CryoGrid.Numerics.harmonicmean — Methodharmonicmean(x₁, x₂, w₁, w₂)Simple weighted harmonic mean of two values, x₁ and x₂.
CryoGrid.Numerics.makegrid — Methodmakegrid(strategy::DiscretizationStrategy, bounds::NTuple{2,<:DistQuantity})
makegrid(layer::Layer, strategy::DiscretizationStrategy, bounds::NTuple{2,<:DistQuantity})Constructs a Grid spanning bounds using the given strategy. makegrid can also be specified for specific Layer types when layers have specific discretization requirements.
CryoGrid.Numerics.nonlineardiffusion! — Methodnonlineardiffusion!(dx::AbstractVector, j::AbstractVector, x::AbstractVector, Δx::AbstractVector, k::AbstractVector, Δk::AbstractVector)Fast alternative to flux! and divergence! which computes fluxes and divergences (via _flux_kernel and _div_kernel) in a single pass. Note, however, that loop vectorization with @turbo is not possible because of necessary loop-carried dependencies. Fluxes and divergences are added to the existing values stored in j and dx.
CryoGrid.Numerics.updategrid! — Methodupdategrid!(grid::Grid{Edges}, edges)
updategrid!(grid::Grid{Edges}, z0, thick::AbstractVector)Updates all grid values based on new grid edges or an initial bottom z0 + cell thick.

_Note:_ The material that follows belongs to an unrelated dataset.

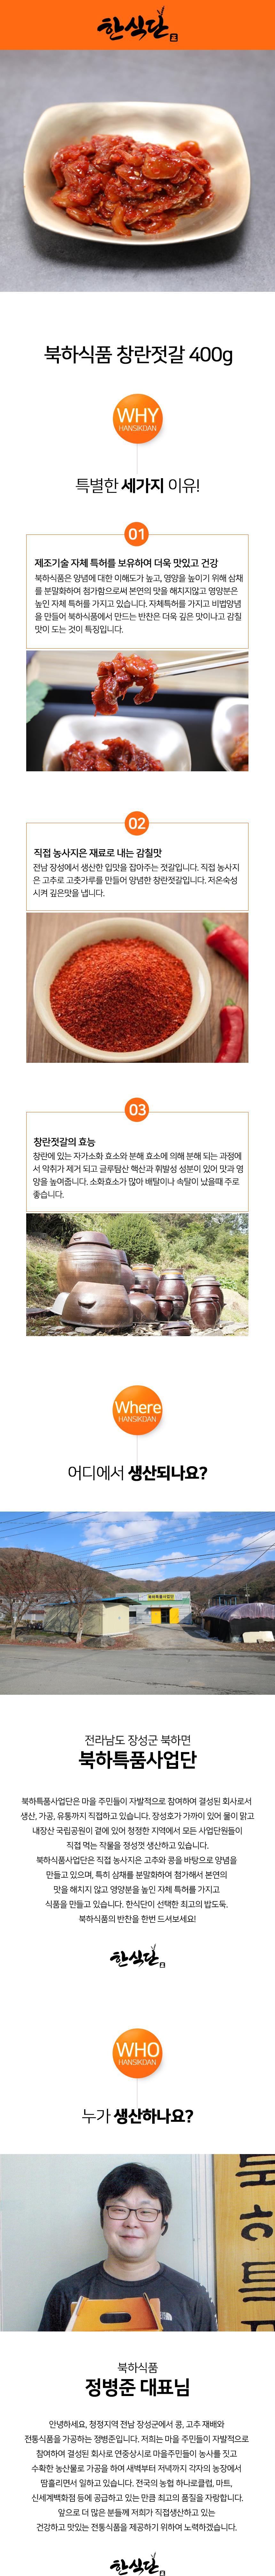 54_page_01_d.jpg
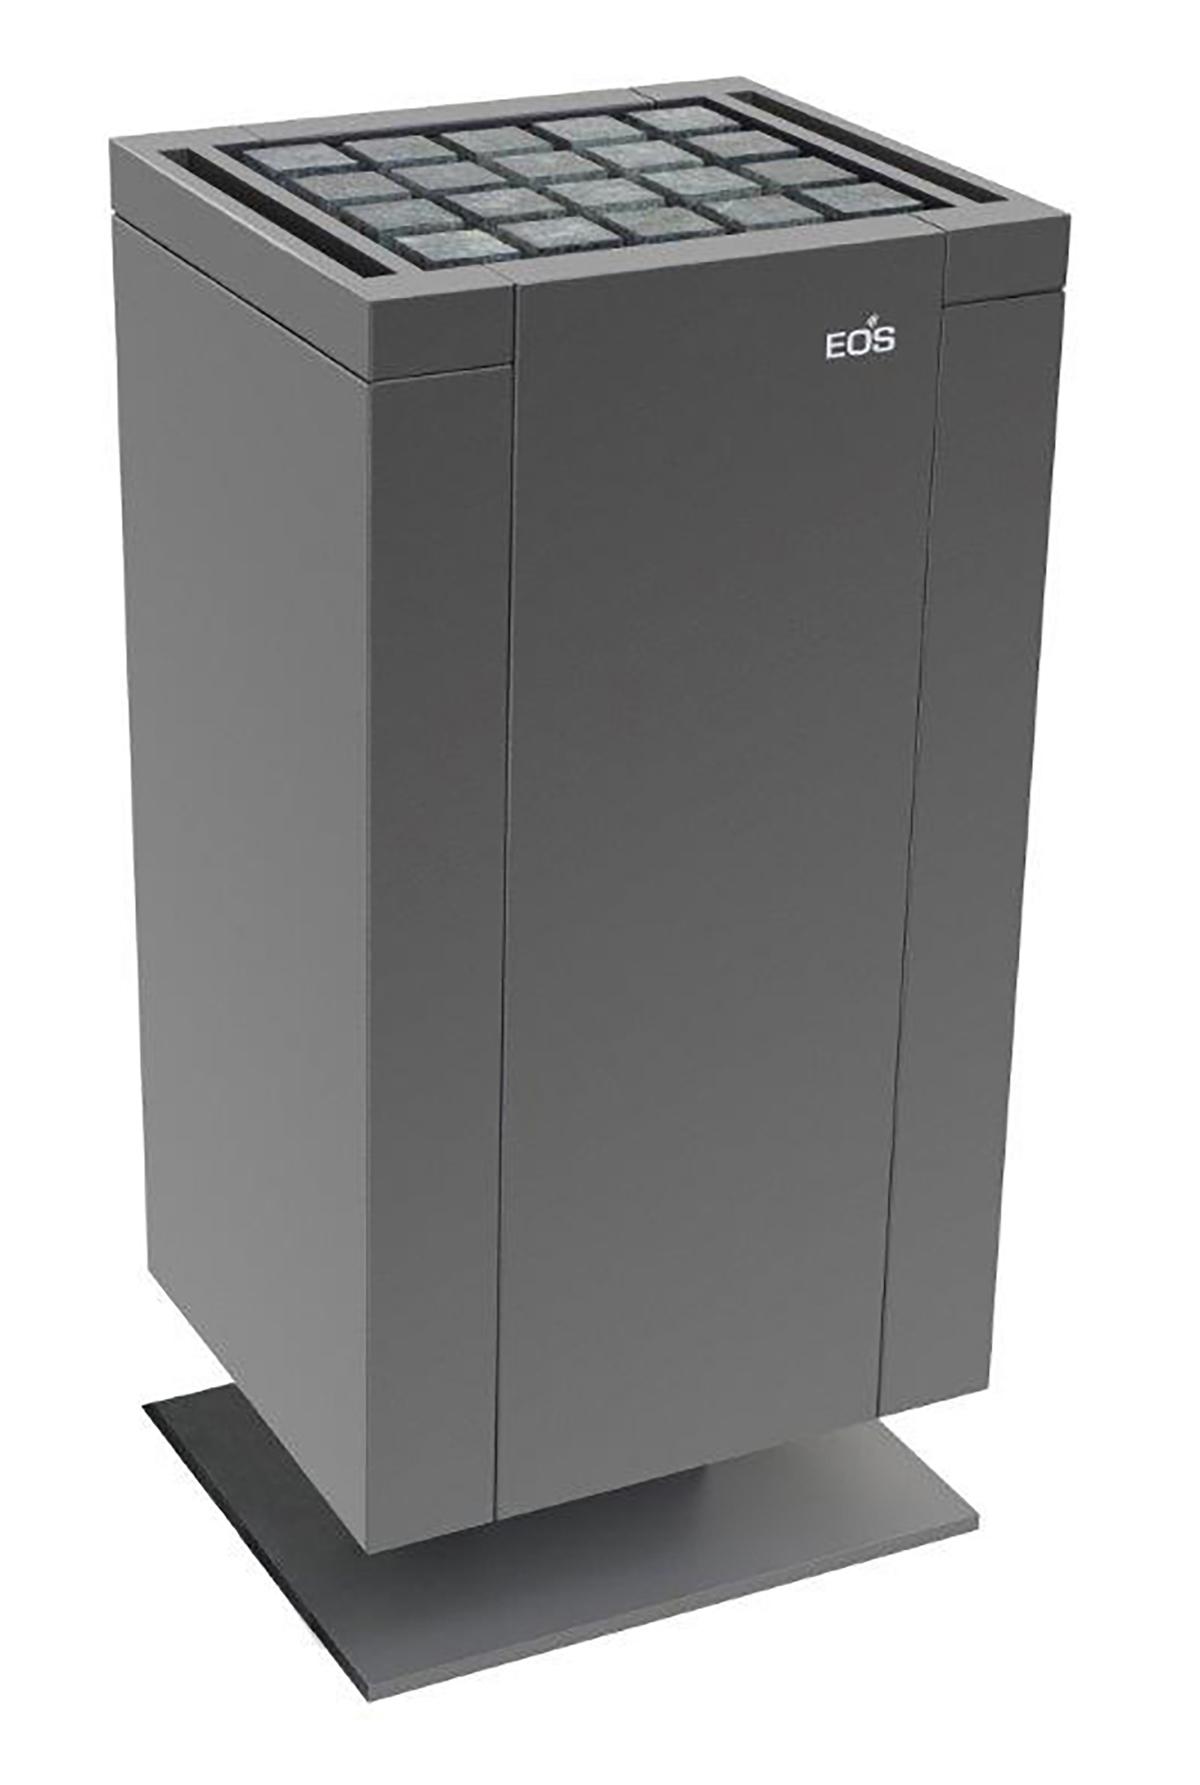 eos mythos s35 eos mythos s35 9 0 kw. Black Bedroom Furniture Sets. Home Design Ideas

CryoGrid.Numerics.∇ — Method∇(f::F, x::AbstractArray) where {F}Takes a function y = f(x) and vector-valued argument x and returns a tuple: (y, ∇ₓy). The gradient is calculated using forward-mode automatic differentiation.
CryoGrid.Numerics.∇ — Method∇(f::F, x::Number) where {F}Takes a function y = f(x) and argument x and returns a tuple: (y, ∂y∂x). The derivative is calculated using forward-mode automatic differentiation.